The following code for training:
from __future__ import print_function
import keras
from keras.datasets import cifar10
from keras.preprocessing.image import ImageDataGenerator
from keras.models import Sequential
from keras.layers import Dense, Dropout, Activation, Flatten
from keras.layers import Convolution2D, MaxPooling2D
from keras.optimizers import SGD, Adam
from keras.utils import np_utils
import numpy as np
#seed = 7
#np.random.seed(seed)
batch_size = 50
nb_classes = 10
nb_epoch = 150
data_augmentation = False
# input image dimensions
img_rows, img_cols = 32, 32
# the CIFAR10 images are RGB
img_channels = 3
# the data, shuffled and split between train and test sets
(X_train, y_train), (X_test, y_test) = cifar10.load_data()
print('X_train shape:', X_train.shape)
print(X_train.shape[0], 'train samples')
print(X_test.shape[0], 'test samples')
# convert class vectors to binary class matrices
Y_train = np_utils.to_categorical(y_train, nb_classes)
Y_test = np_utils.to_categorical(y_test, nb_classes)
model = Sequential()
model.add(Convolution2D(32, 3, 3, border_mode='same',
input_shape=X_train.shape[1:]))
model.add(Activation('relu'))
model.add(Convolution2D(32, 3, 3, border_mode='same'))
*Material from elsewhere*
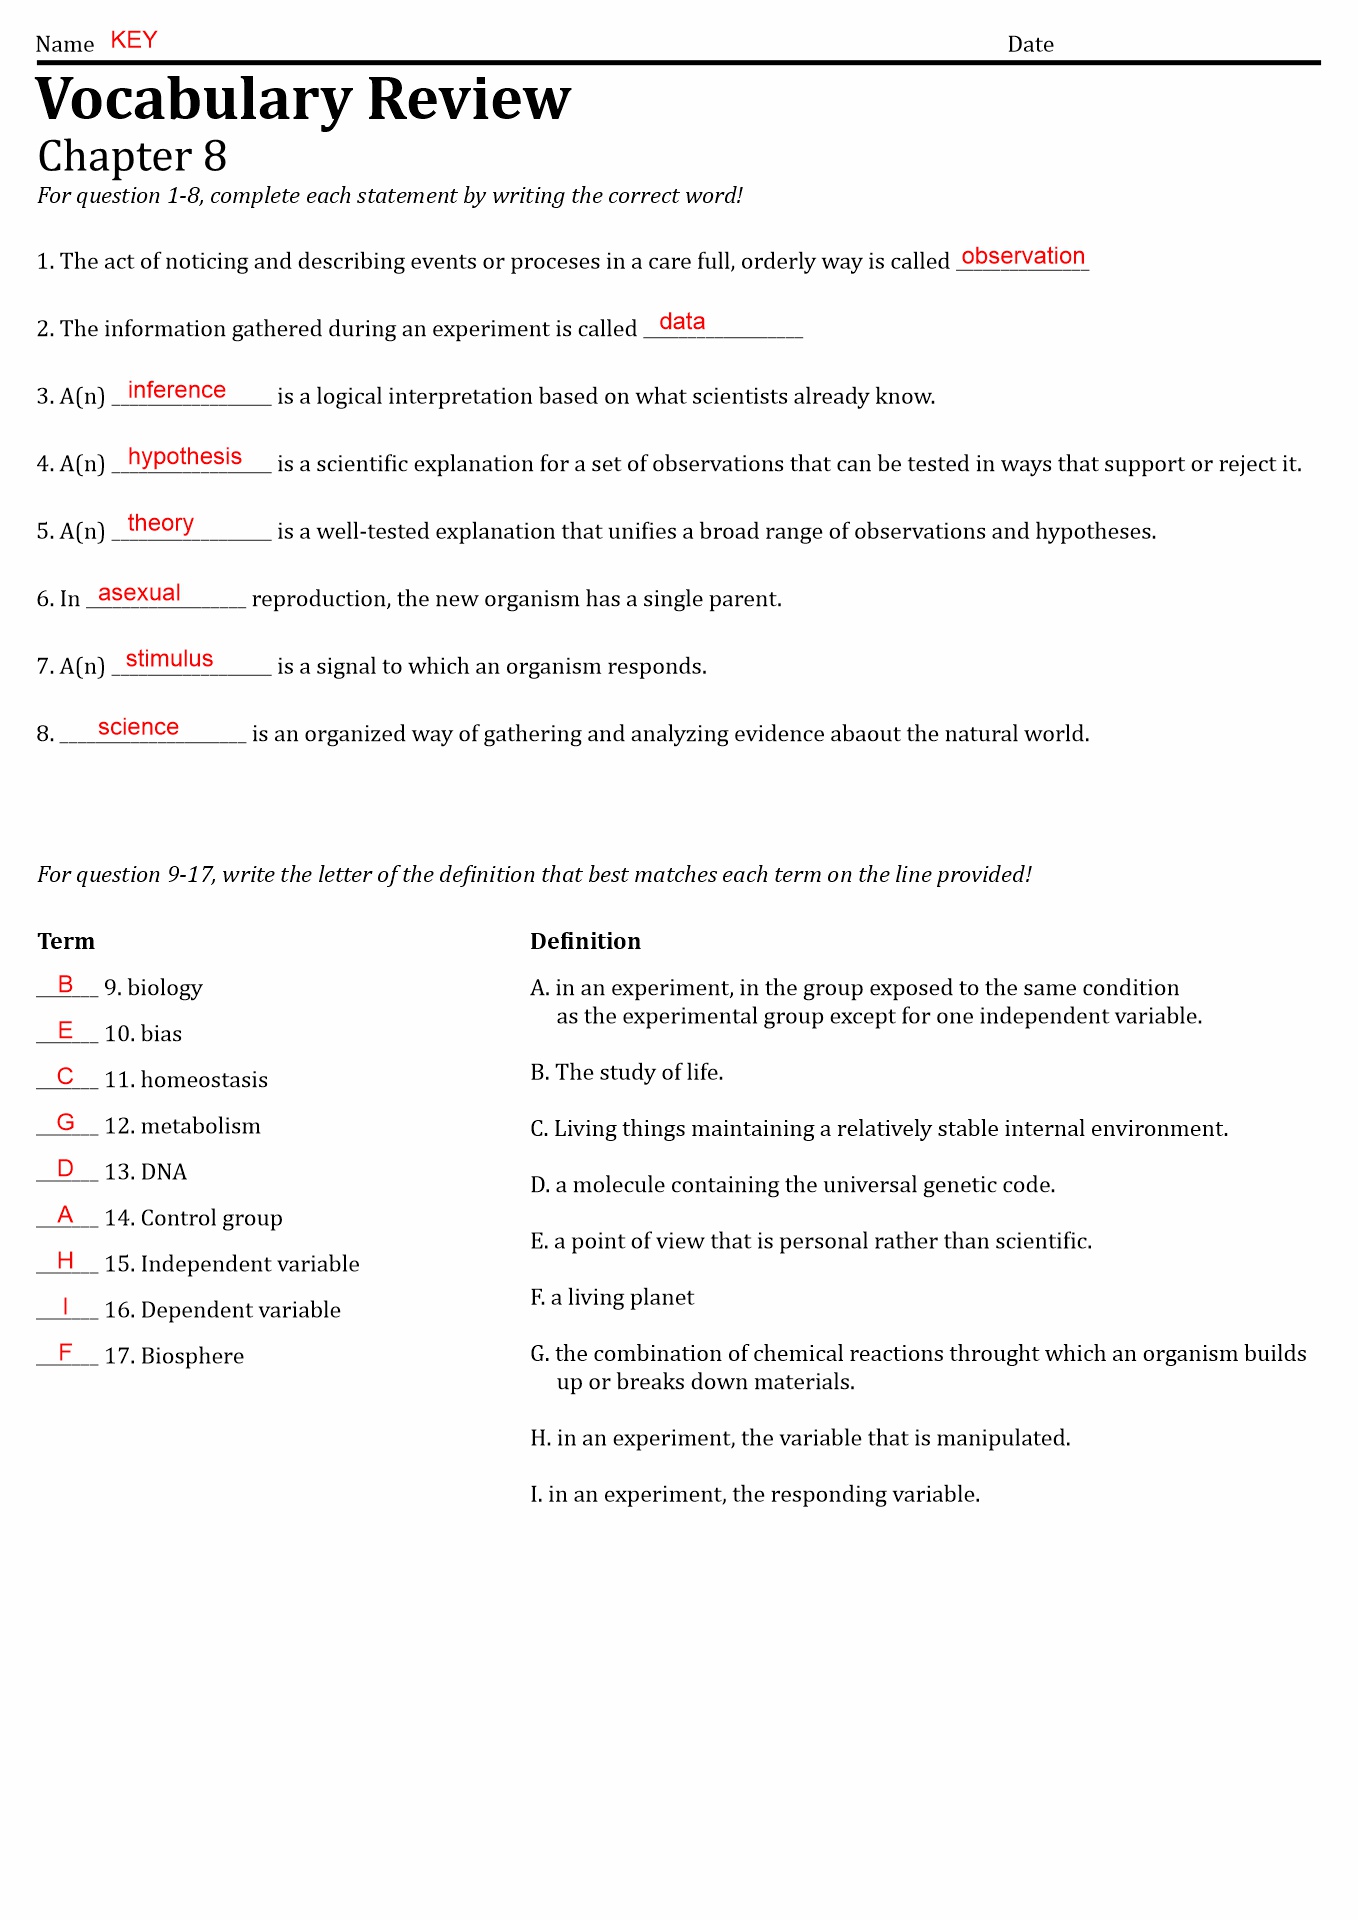 Biology Chapter 8 Vocabulary Review Answer Key

model.add(Activation('relu'))
model.add(MaxPooling2D(pool_size=(2, 2)))
model.add(Dropout(0.25))
model.add(Convolution2D(64, 3, 3, border_mode='same'))
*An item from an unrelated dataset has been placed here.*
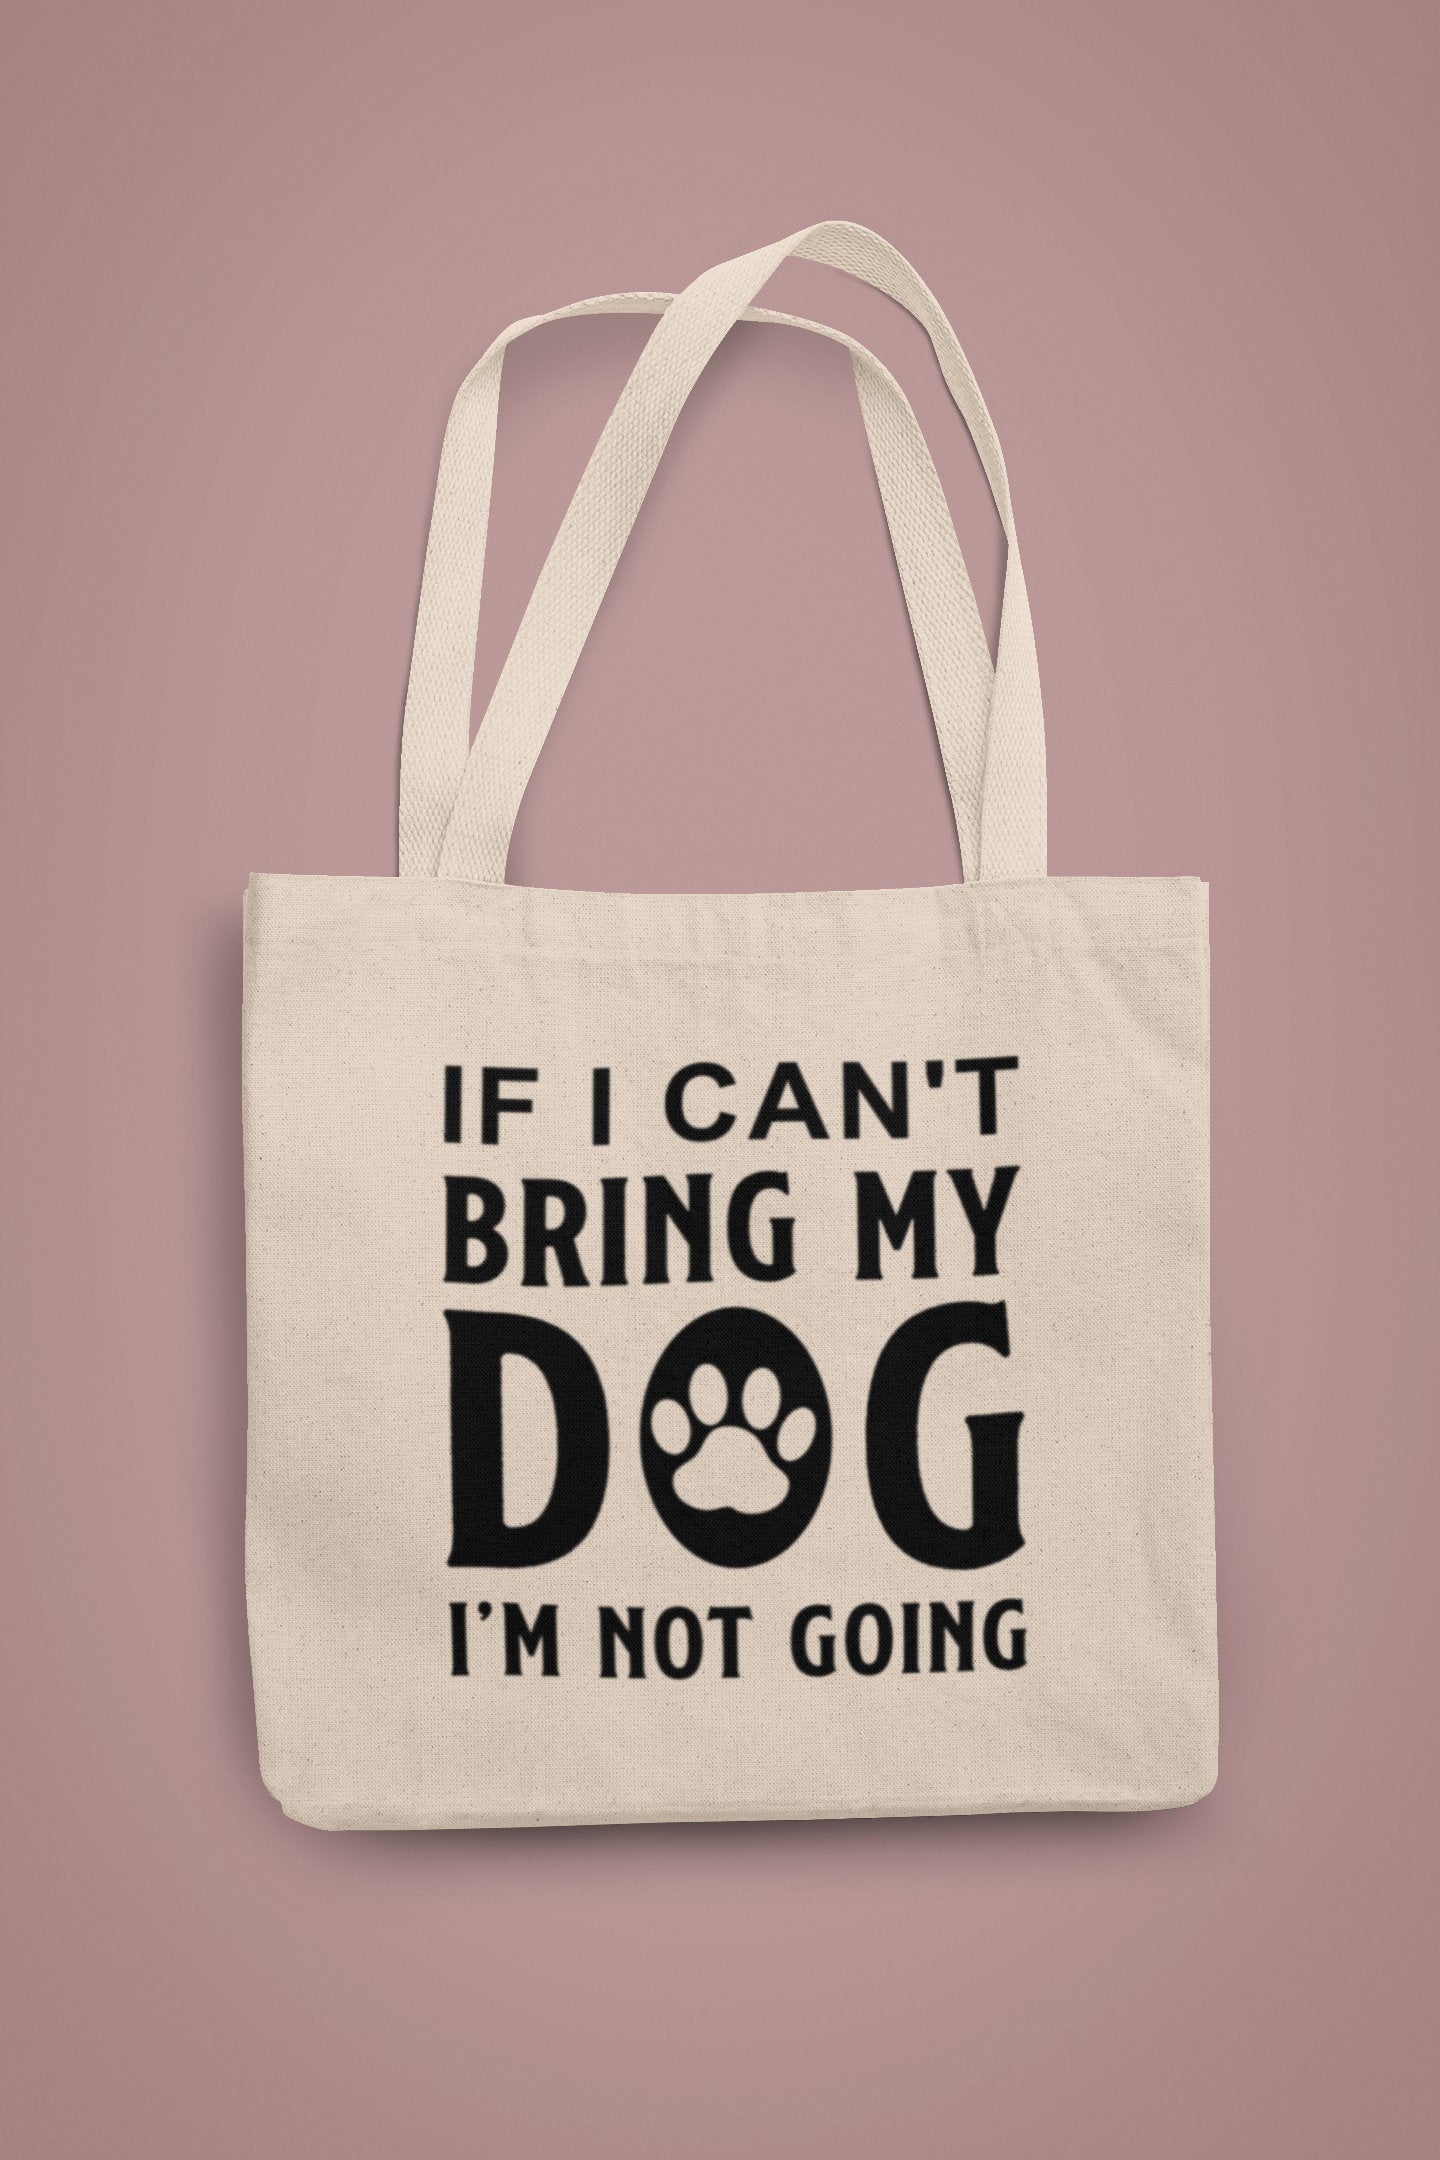 If I Can't Bring My Dog Tote

model.add(Activation('relu'))
model.add(Convolution2D(64, 3, 3, border_mode='same'))
model.add(Activation('relu'))
model.add(MaxPooling2D(pool_size=(2, 2)))
model.add(Dropout(0.25))
model.add(Flatten())
model.add(Dense(512))
model.add(Activation('relu'))
model.add(Dropout(0.5))
model.add(Dense(nb_classes))
model.add(Activation('softmax'))
# let's train the model using SGD + momentum (how original).
#sgd = SGD(lr=0.001, decay=1e-6, momentum=0.9, nesterov=True)
sgd= Adam(lr=0.0001, beta_1=0.9, beta_2=0.999, epsilon=1e-08, decay=0.0)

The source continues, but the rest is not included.